§ **PROVIDED DATA**
+ + +

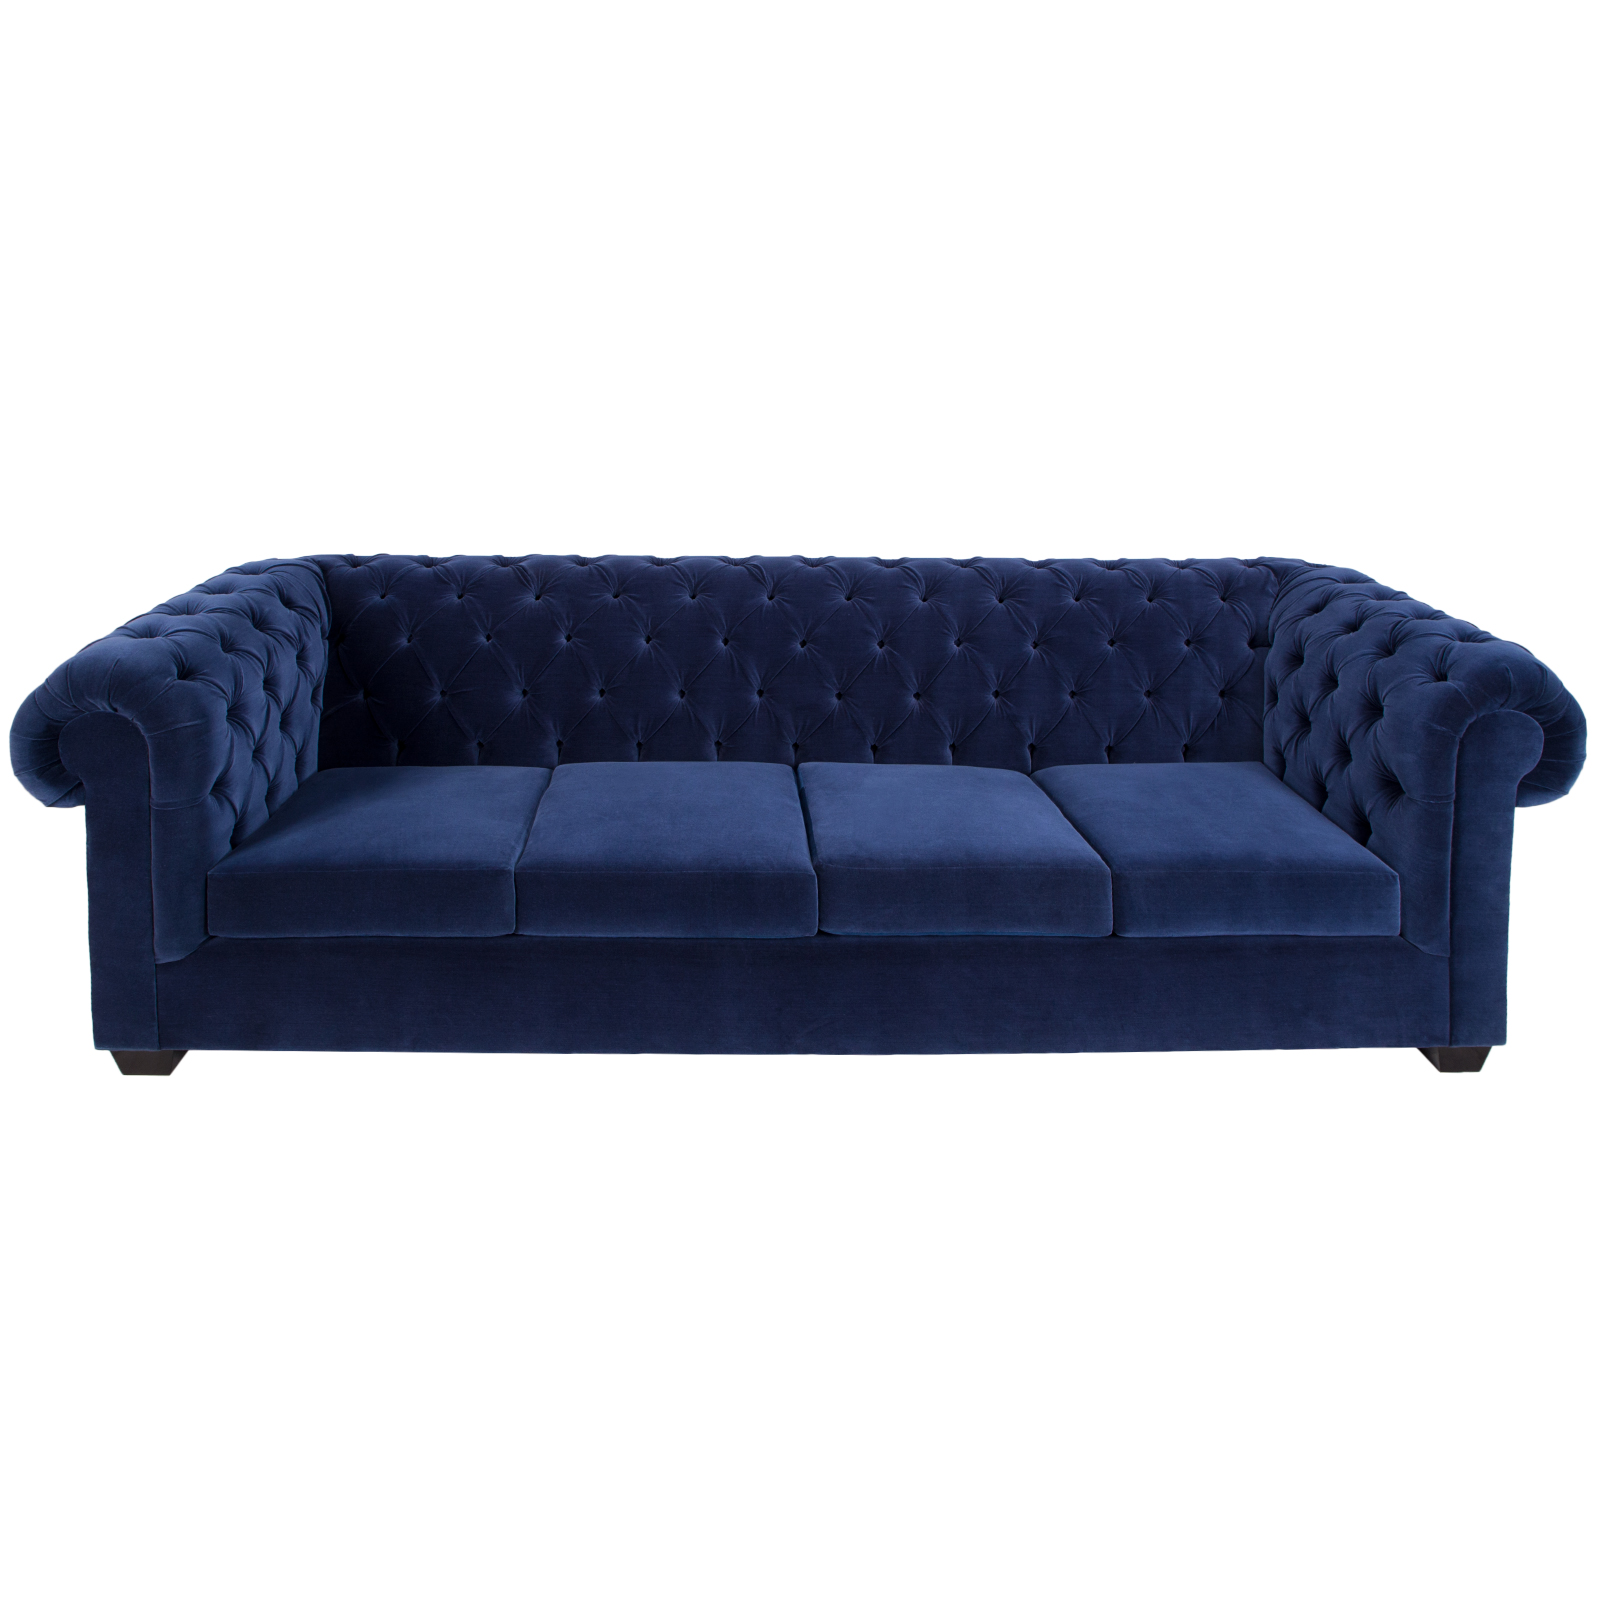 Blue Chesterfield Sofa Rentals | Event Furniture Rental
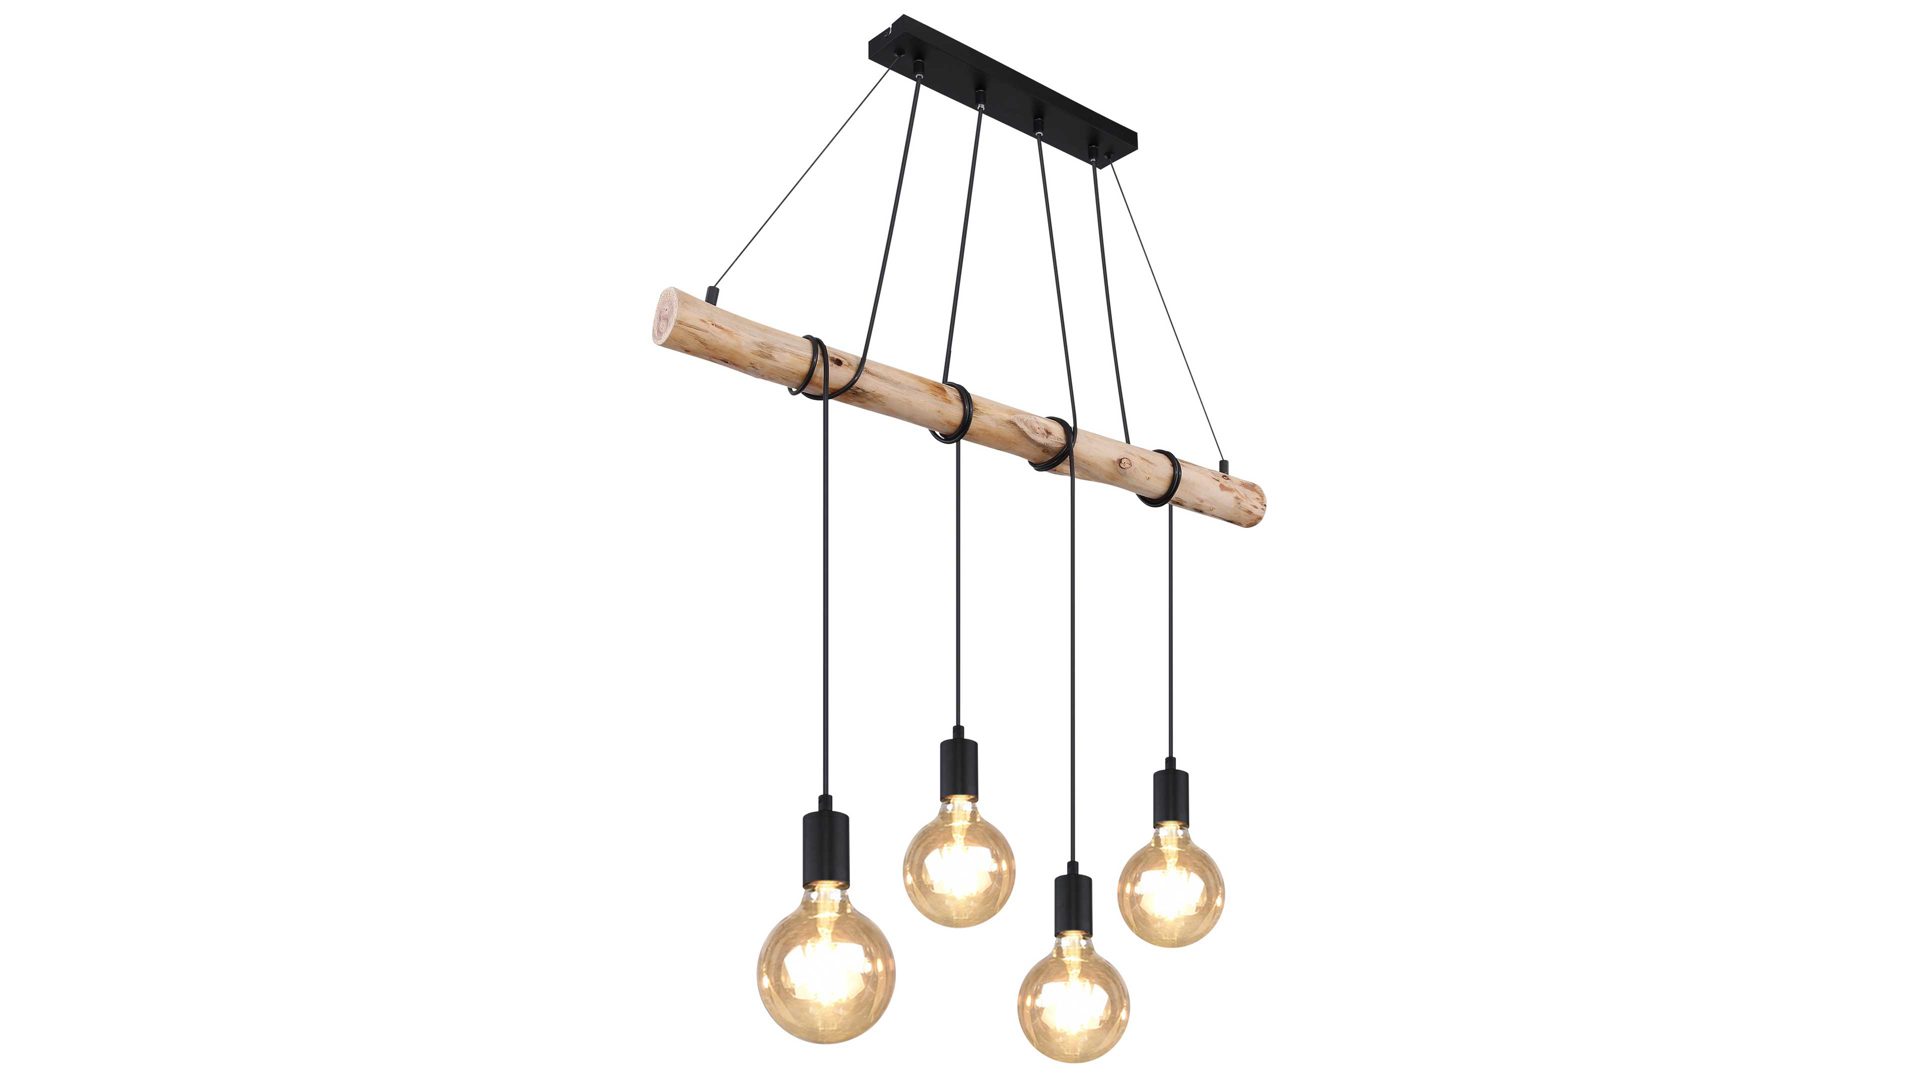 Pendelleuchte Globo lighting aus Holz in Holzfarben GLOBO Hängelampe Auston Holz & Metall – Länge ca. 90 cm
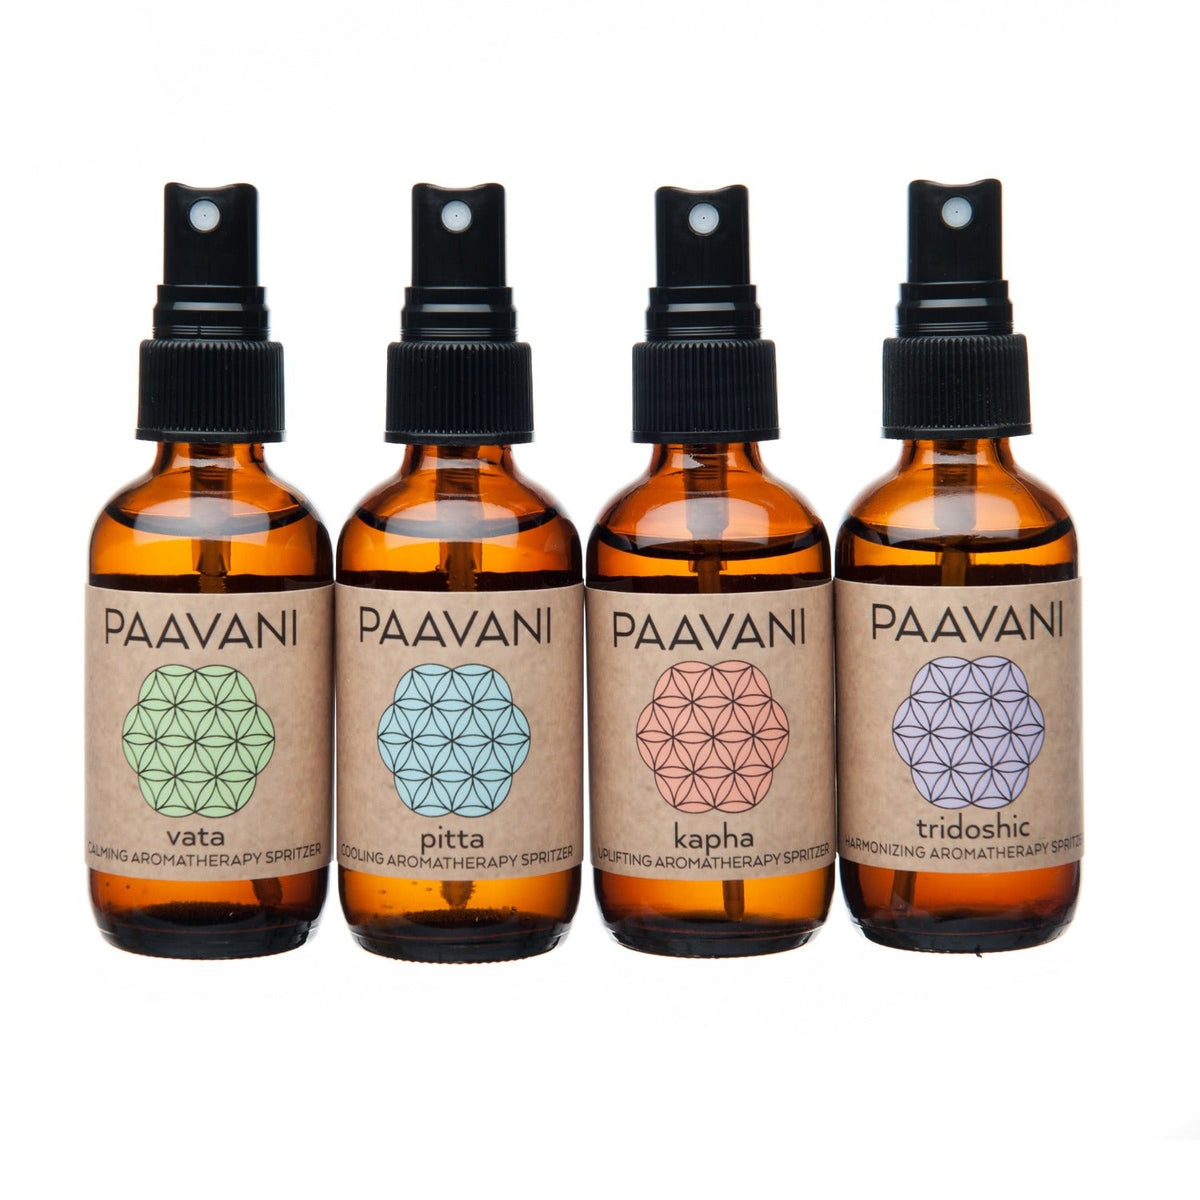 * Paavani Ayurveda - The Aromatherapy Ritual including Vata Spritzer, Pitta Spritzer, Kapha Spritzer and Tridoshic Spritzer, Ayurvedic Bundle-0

+ + +

§ **EXERCISE DIRECTIONS**
Without including any picture, reproduce the material above word for word.

§ **TASK ANSWER**
 Blue Chesterfield Sofa Rentals | Event Furniture Rental
 Pendelleuchte Globo lighting aus Holz in Holzfarben GLOBO Hängelampe Auston Holz & Metall – Länge ca. 90 cm
 * Paavani Ayurveda - The Aromatherapy Ritual including Vata Spritzer, Pitta Spritzer, Kapha Spritzer and Tridoshic Spritzer, Ayurvedic Bundle-0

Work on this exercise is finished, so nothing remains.